Friday, December 12, 2008

Getting the Bible right

Isn't that a real gotcha. It's so easy to misread the Bible, to forget to consider the context before putting forward some great pearl of wisdom :)
I was so pleased a while back when a young man who was attending to the sound system at church, remarked on a persons treatment of Matthew 18:20. They had made the common mistake of thinking of Matthew 18:20 as a definition of church. It had really irked him that they took made such a basic error.
Lest you think I am a little harsh about someone being mistaken about a passage of Scripture, let me just say I myself had made that very same mistake about Matt 18:20, and held it until corrected some 3 years later. I am thankful indeed to the person who pointed it out. It maybe of course that I am therefore particularly sensitive when this passage is interpreted incorrectly and that may be so, but it can still stand as a helpful warning to deal carefully with God's Word as read it.
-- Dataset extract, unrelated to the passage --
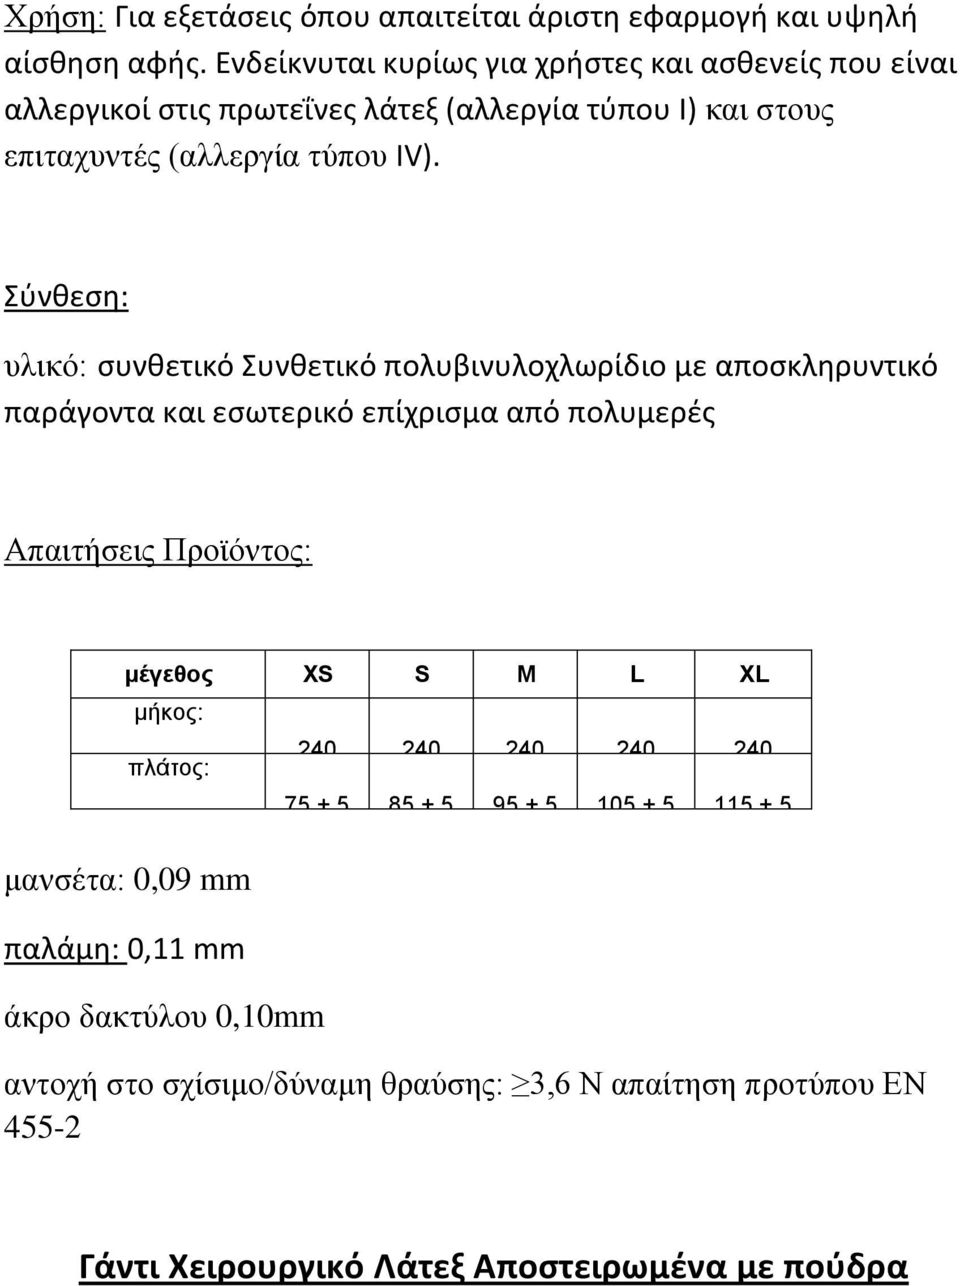 Σύνθεση: υλικό: συνθετικό Συνθετικό πολυβινυλοχλωρίδιο με αποσκληρυντικό παράγοντα και εσωτερικό επίχρισμα από πολυμερές Απαιτήσεις Προϊόντος: μέγεθος XS S M L

What the passage is speaking about is that of a brother sinning against you and refusing to repent, first in the personal one on one intervention, and then if he refuses to listen to you and two others, or even the "church" as the NIV puts it. Mt 18:17.
First of all, this word church is 'ekklesia' for which we later on derived the word church but it's basic meaning here is 'called out ones', used by the Greeks for an assembly or body of citizens gathered to discuss the affairs of state. At this point in the New Testament the Church in our common sense of Ephesians 3 which was a mystery in past ages, is not explicit, rather in the Gospels it is a gathered assembly around our Lord Jesus as his disciples. We must refrain from reading back into the Gospels what is later found in the epistles unless we have good warrant to do so.
This is why as Christians now, we take the epistles as our guide for what Church is and how it is to be ordered. What is the failure here is to take the Gospels seriously on their own account, failing to see what the Lord is teaching us through the Gospels. But more on that another time.

The second thing here is that Jesus is saying that he "Jesus will be with them" 18:20. Apart from the worthwhile inquiry as to Jesus association of himself and the reference about the Father in verse 19, what is primary here is that Jesus is saying that in context of judgment of a sinning brother he is involved! As Carson points out the "about anything" in verse 19 is better taken as "about any judicial matter" which fits with the argument of Matt 18. Then the point being made is that Jesus will be with the Judges who are here acting in the community of believers to deal properly with those that sin and refuse to repent.